Open logannc opened 3 years ago
Okay, there is a lot here. Basically, I moved a lot into fuzzywuzzy_compatible implemented on top of various other new root crate level primitives (which, for the most part, have gracefully handled everything fuzzywuzzy wants to do). A lot got moved into fuzzywuzzy_compatible and re-exported into fuzz
for now. If we improve the impls with non-compatible versions, we just stop exporting them. The apis should be the same.
I'll probably come back and edit this comment tomorrow with a more coherent/comprehensive summary.
Still stuff left to do:
fuzzywuzzy_compatible
should probably be python_compatible
because we're also named fuzzywuzzy?tests are passing locally on nightly, its just intersperse giving us grief.
Let's see, what else...
Processor trait vs normalizers? Scorer vs calcs? Redefine misc utils in terms of primitives (i.e., full_process) Better defaults and docs on normalizes
A couple good normalizers plus grapheme segmentation is probably the best default, w/ codepoints segmentation an occasional perf boost.
I'm still not happy I can't easily represent the token set stuff and wonder if I can't unify that somehow.
Are there any other complex normalization sequences that would be useful to have default impls?
Welp, get_matching_blocks
has a bug. for the inputs "frodo baggin" and "samwise g" (after codepoint segmentation), it generates a bad item in the queue which causes debug assertions to panic.
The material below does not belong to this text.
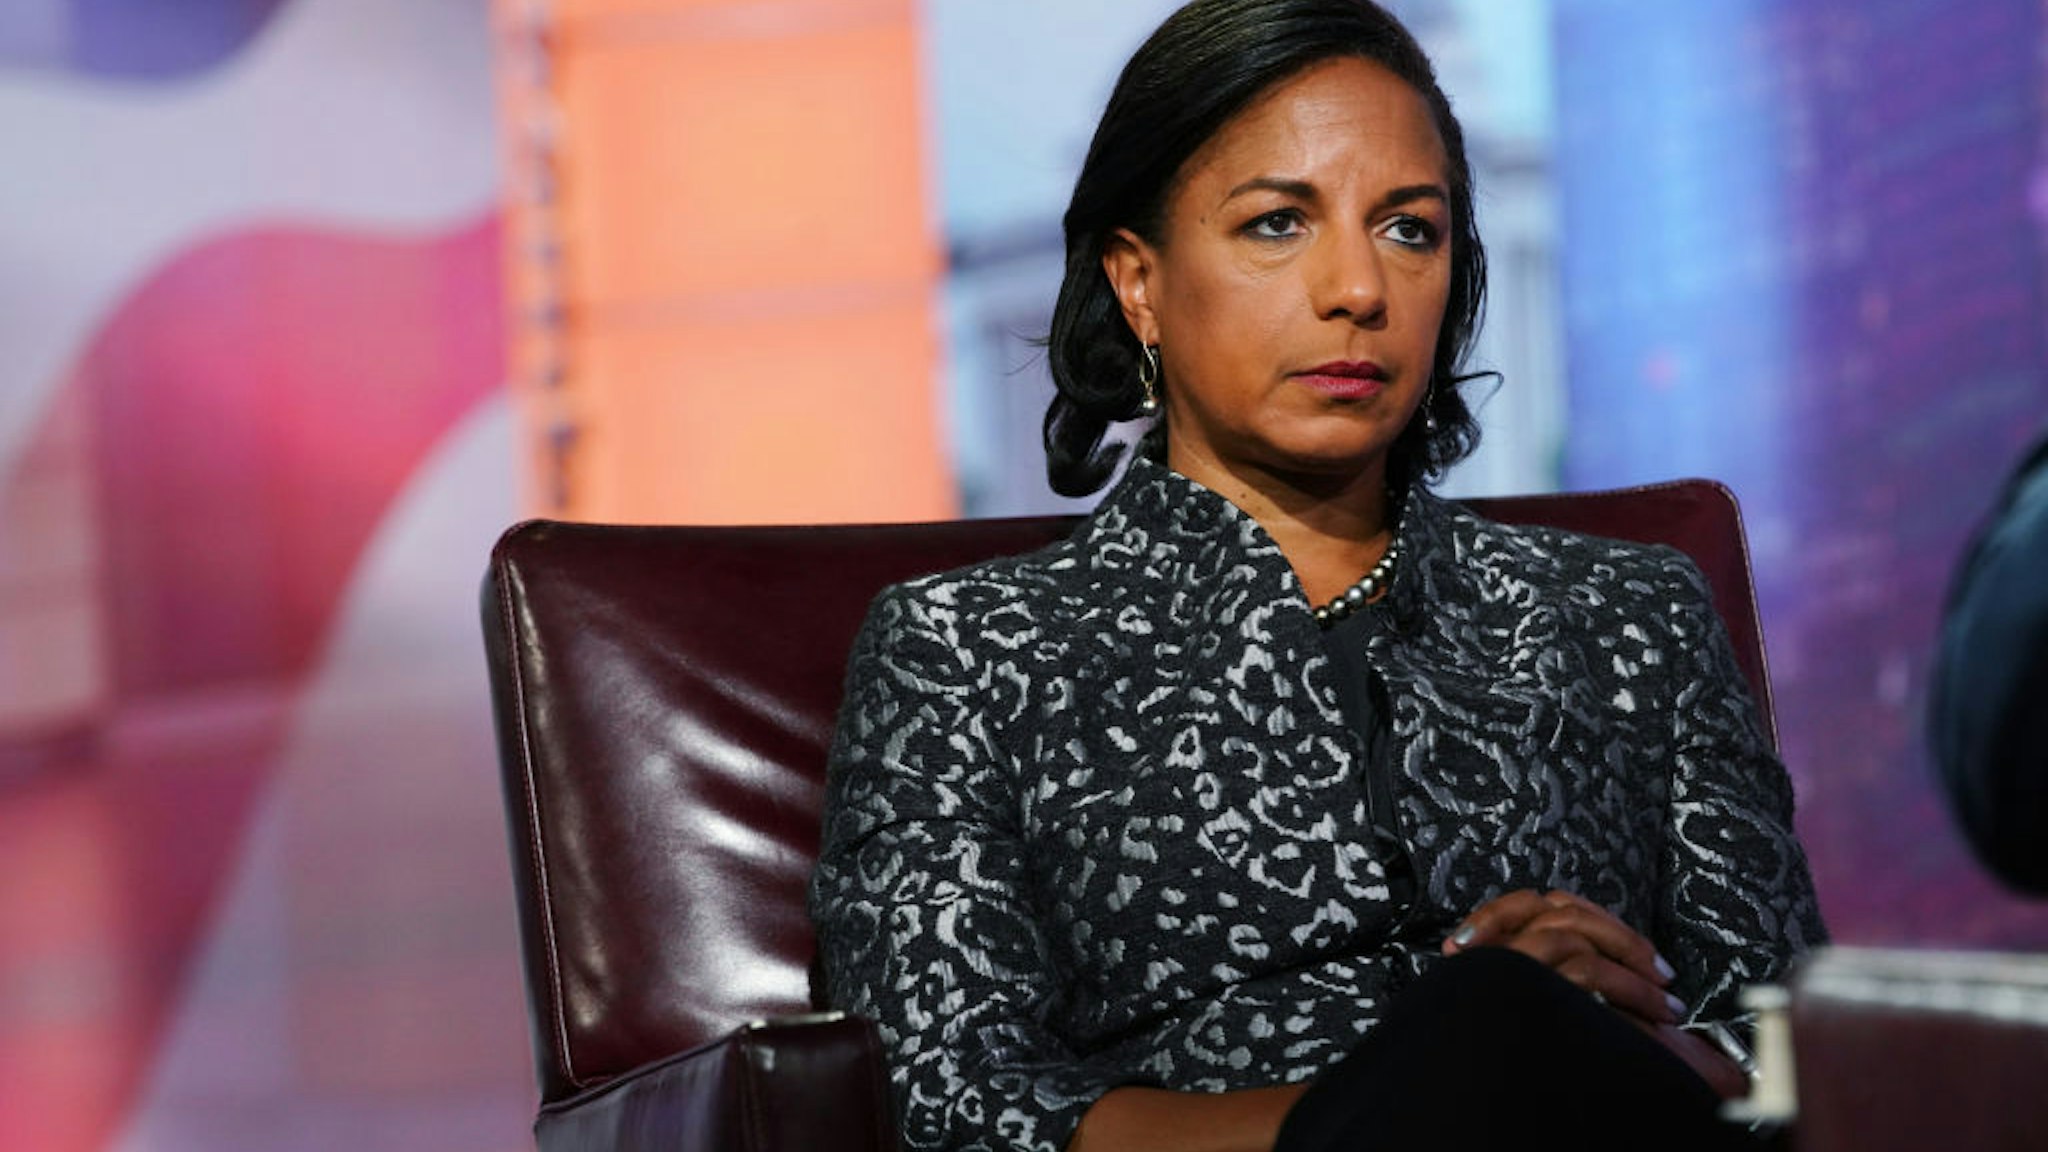 Susan Rice, former U.S. national security advisor, listens during a Bloomberg Television interview in New York, U.S., on Tuesday, Oct. 8, 2019.

I think this wasn't a problem in python because the python find_longest_match
does a weird iterative solution different from ours.
I think this wasn't a problem in python because the python find_longest_match does a weird iterative solution different from ours.
Not sure whether it helps, but here is my C++ implementation of get_matching_blocks. https://github.com/maxbachmann/rapidfuzz-cpp/blob/a494e5557087203f54e76e49815c68324114b9e5/rapidfuzz/details/matching_blocks.hpp#L58 It is essentially the Python implementation without all autojunk parts + hash maps to improve the performance
I haven't looked at it in a few days but the problem was one of (I can't remember which offhand)
debug_assert!(low1 <= high1);
debug_assert!(low2 <= high2);
debug_assert!(high1 <= shorter.len());
debug_assert!(high2 <= longer.len());
debug_assert!(high1 - low1 <= high2 - low2);
was failing. All of these ought to be maintained for each call to find_longest_match()
under the current implementation, I think.
I think your implementation suffers the same issue with
if ((spos + length) < a_high && (dpos + length) < b_high) {
queue.emplace_back(spos + length, a_high, dpos + length, b_high);
}
I have not looked at this since I noted it last week.
I will test this in my implementation. However this is directly taken from the Python implementation (and appears to be the same in your implementation as well). I would personally assume the bug is somewhere in find_longest_match, since there your using quite a different implementation. RapidFuzz uses pretty much the same implementation as Difflib in there, but since I do not use the auto junk feature I was able to get rid of the hashmap b2j
if (length) {
if (a_low < spos && b_low < dpos) {
queue.emplace_back(a_low, spos, b_low, dpos);
}
if ((spos + length) < a_high && (dpos + length) < b_high) {
queue.emplace_back(spos + length, a_high, dpos + length, b_high);
}
matching_blocks_pass1.emplace_back(spos, dpos, length);
}
if k: # if k is 0, there was no matching block
matching_blocks.append(x)
if alo < i and blo < j:
queue.append((alo, i, blo, j))
if i+k < ahi and j+k < bhi:
queue.append((i+k, ahi, j+k, bhi))
fixes #24 fixes #22 fixes #20 fixes #7 (mostly - once you have extractWithoutOrder, the rest are basically just 'get top N' which can be done by callers)
6 might or might not make it depending on the wratio cleanups.